Could the listing be repeated exactly, with every picture dropped?
##### Given information
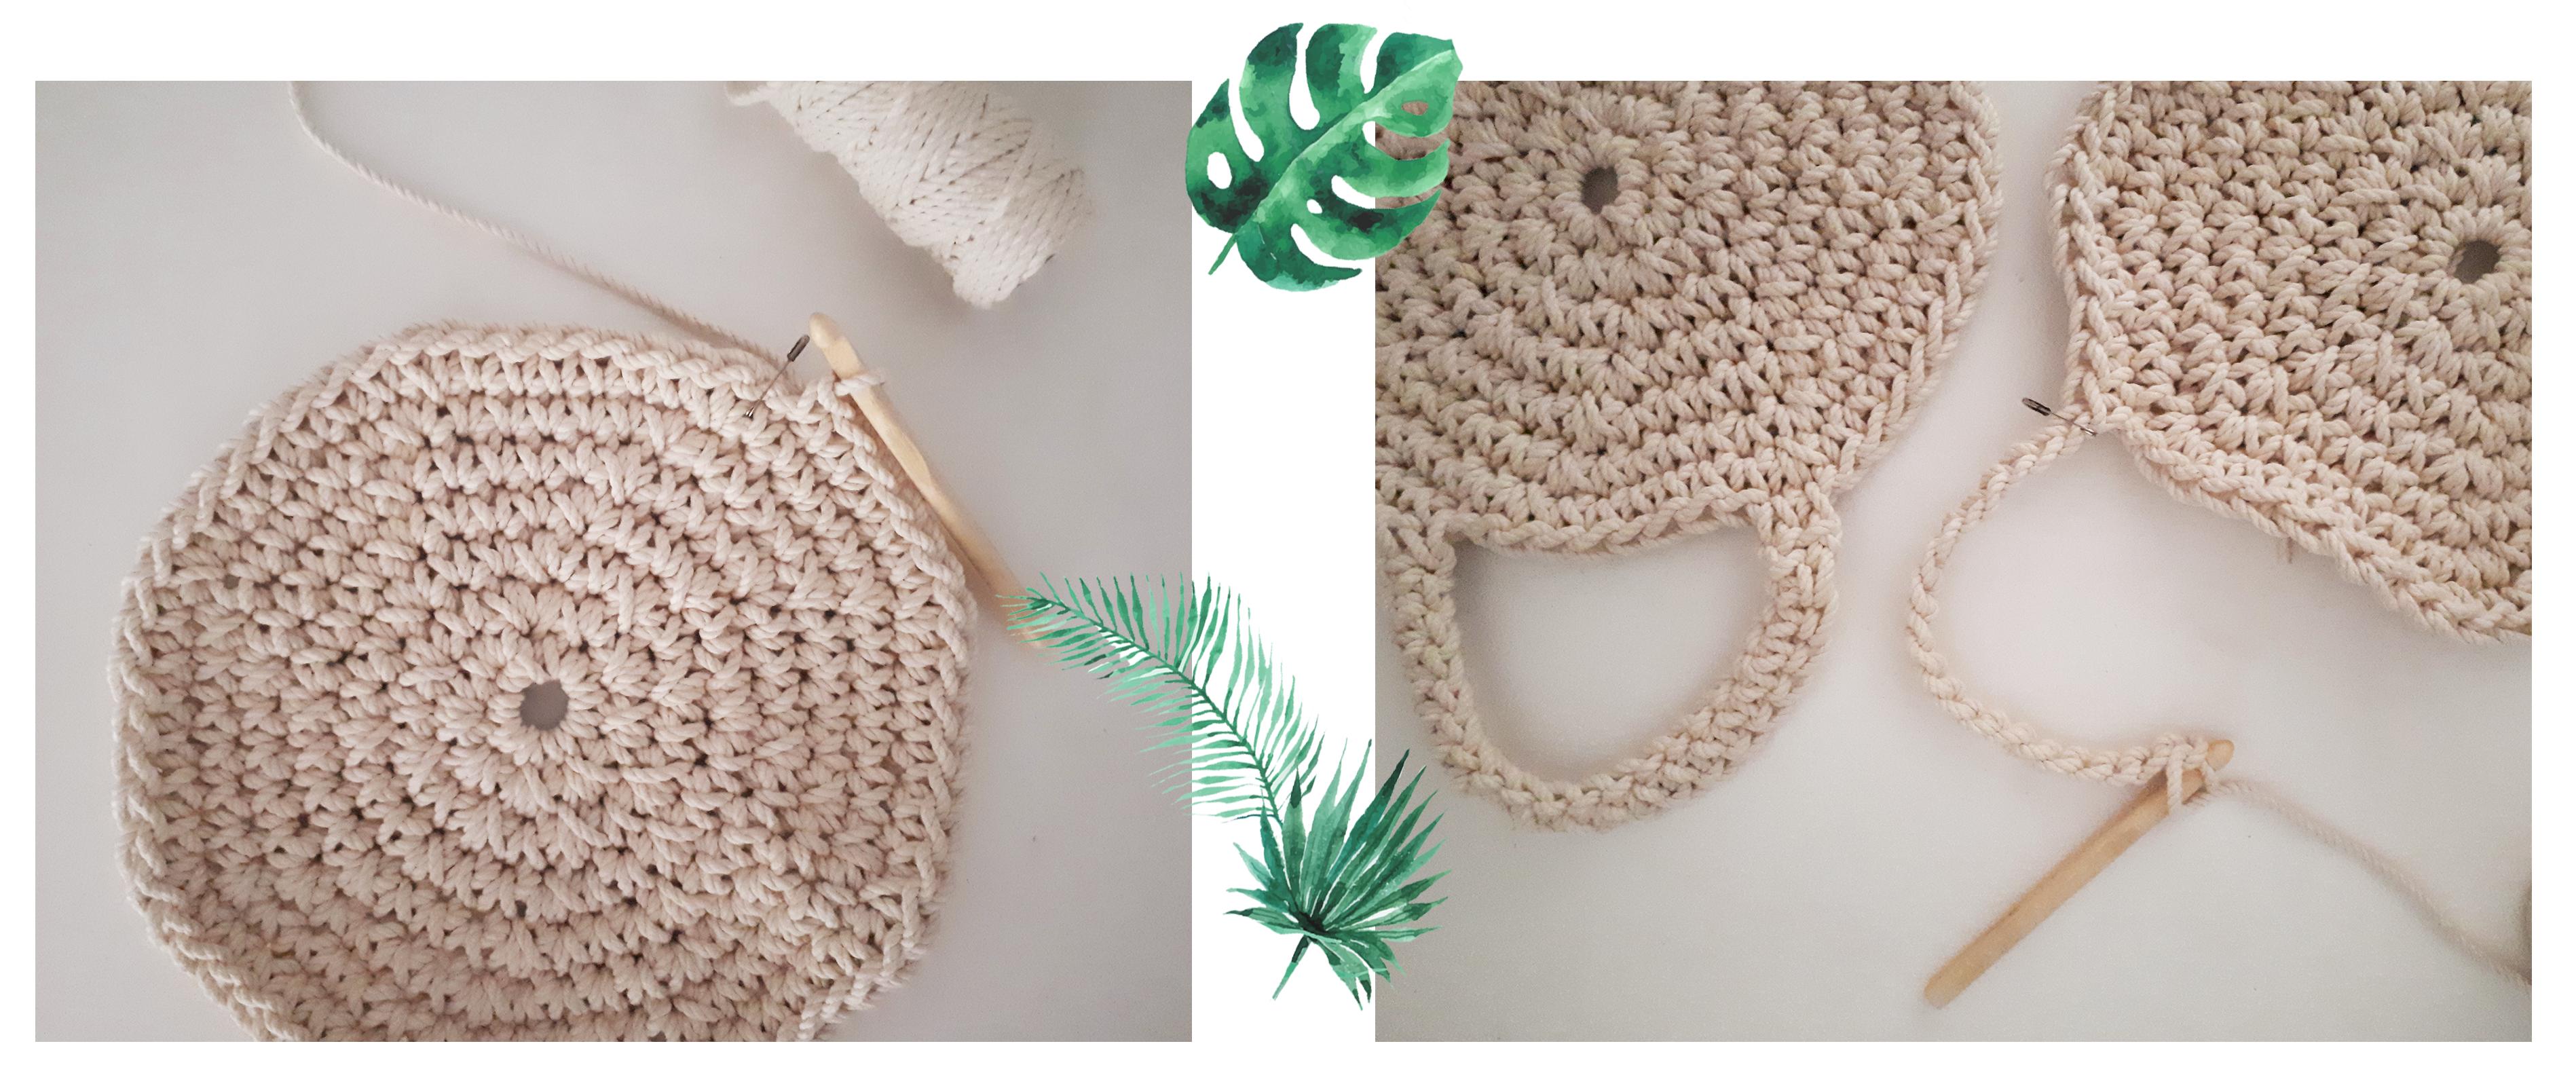 DIY-sac-rond-crochet-etape-5-6-Cactus-and-Style
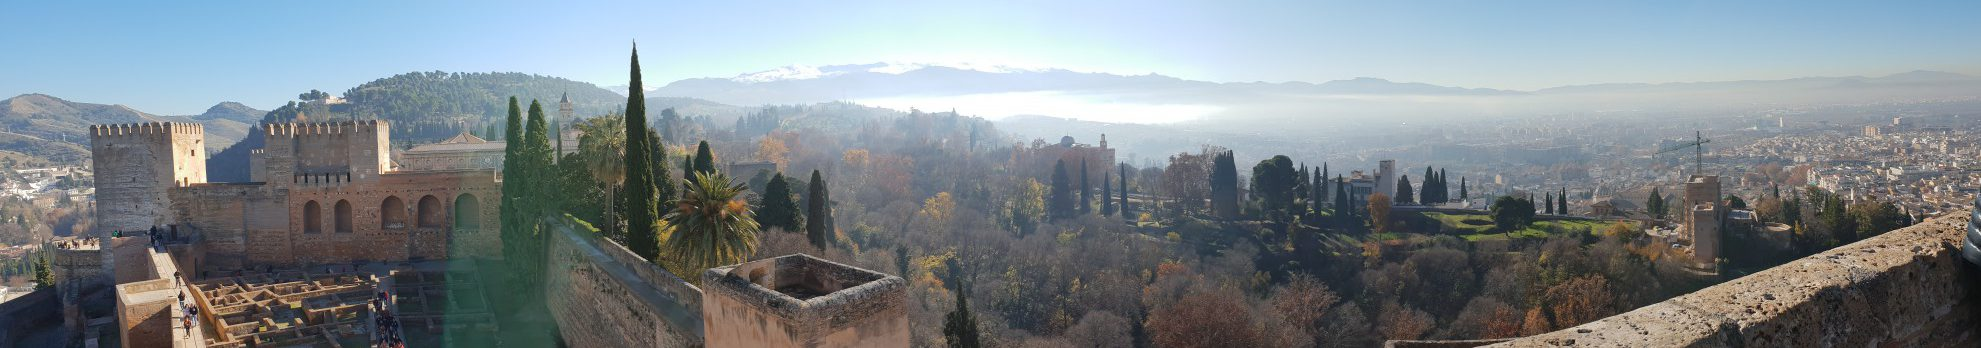 Visita Granada
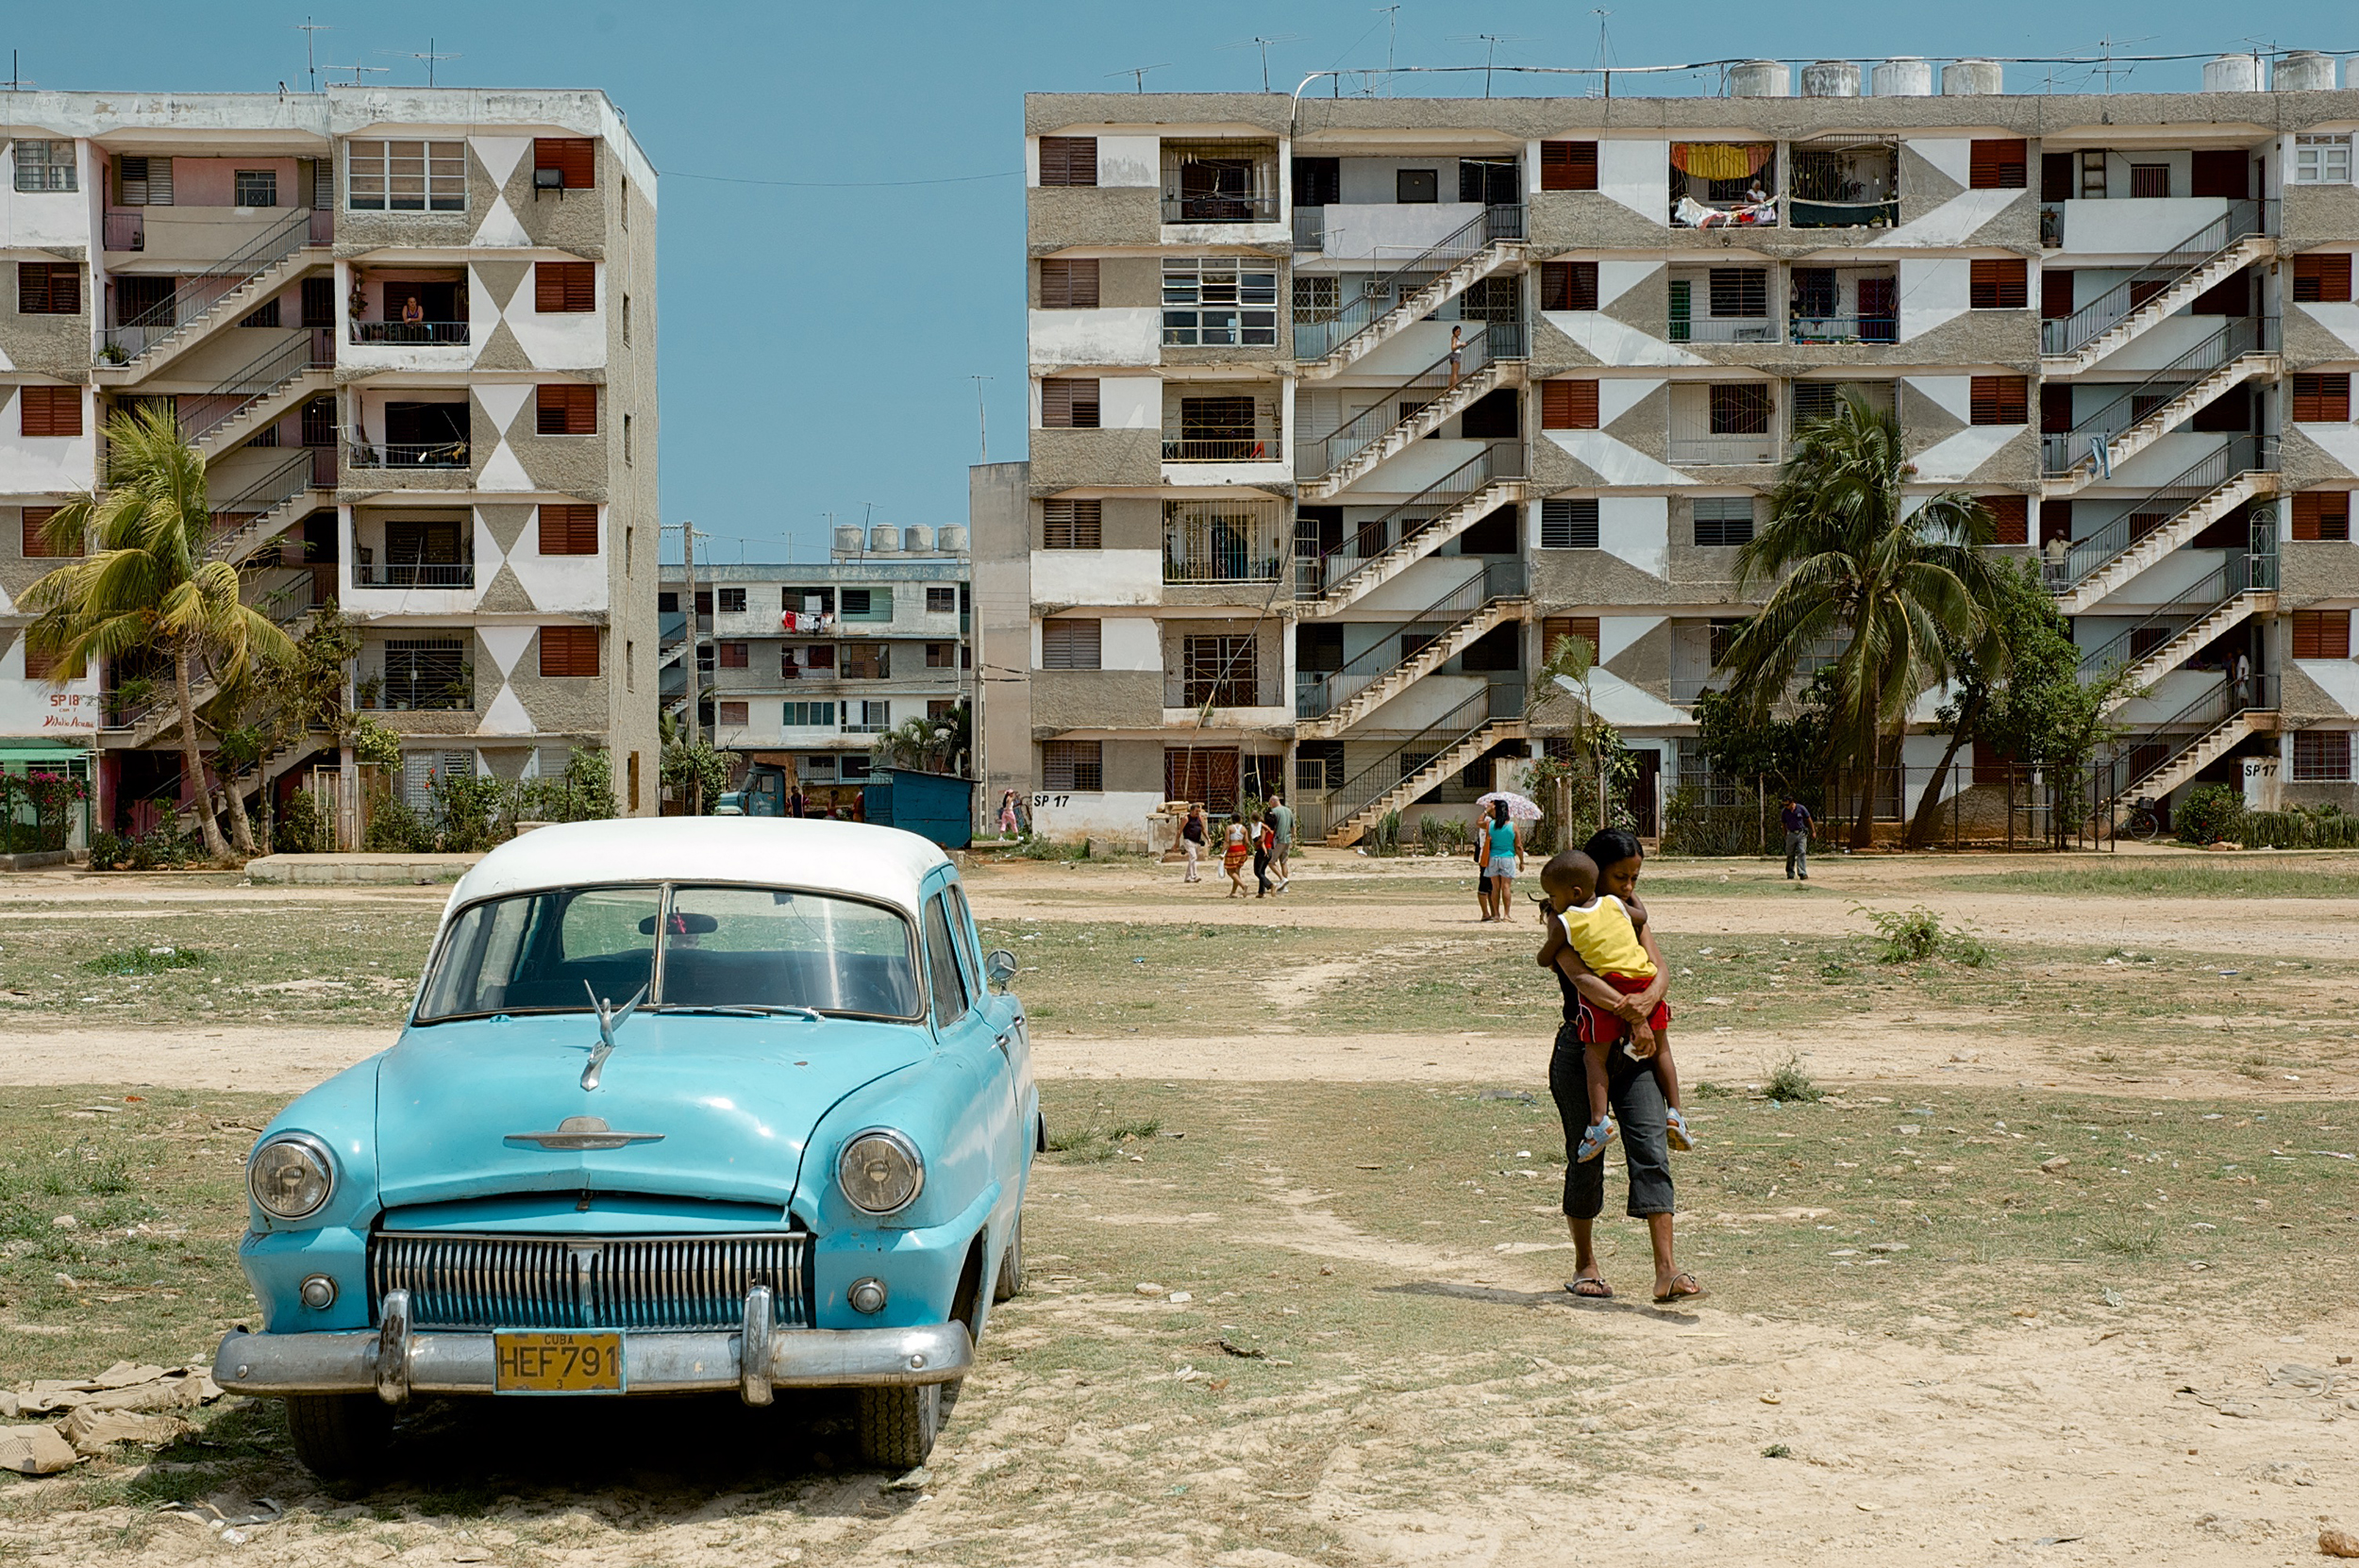 La Habana-Cuba-book 161
##########
[Response]
 DIY-sac-rond-crochet-etape-5-6-Cactus-and-Style
 Visita Granada
 La Habana-Cuba-book 161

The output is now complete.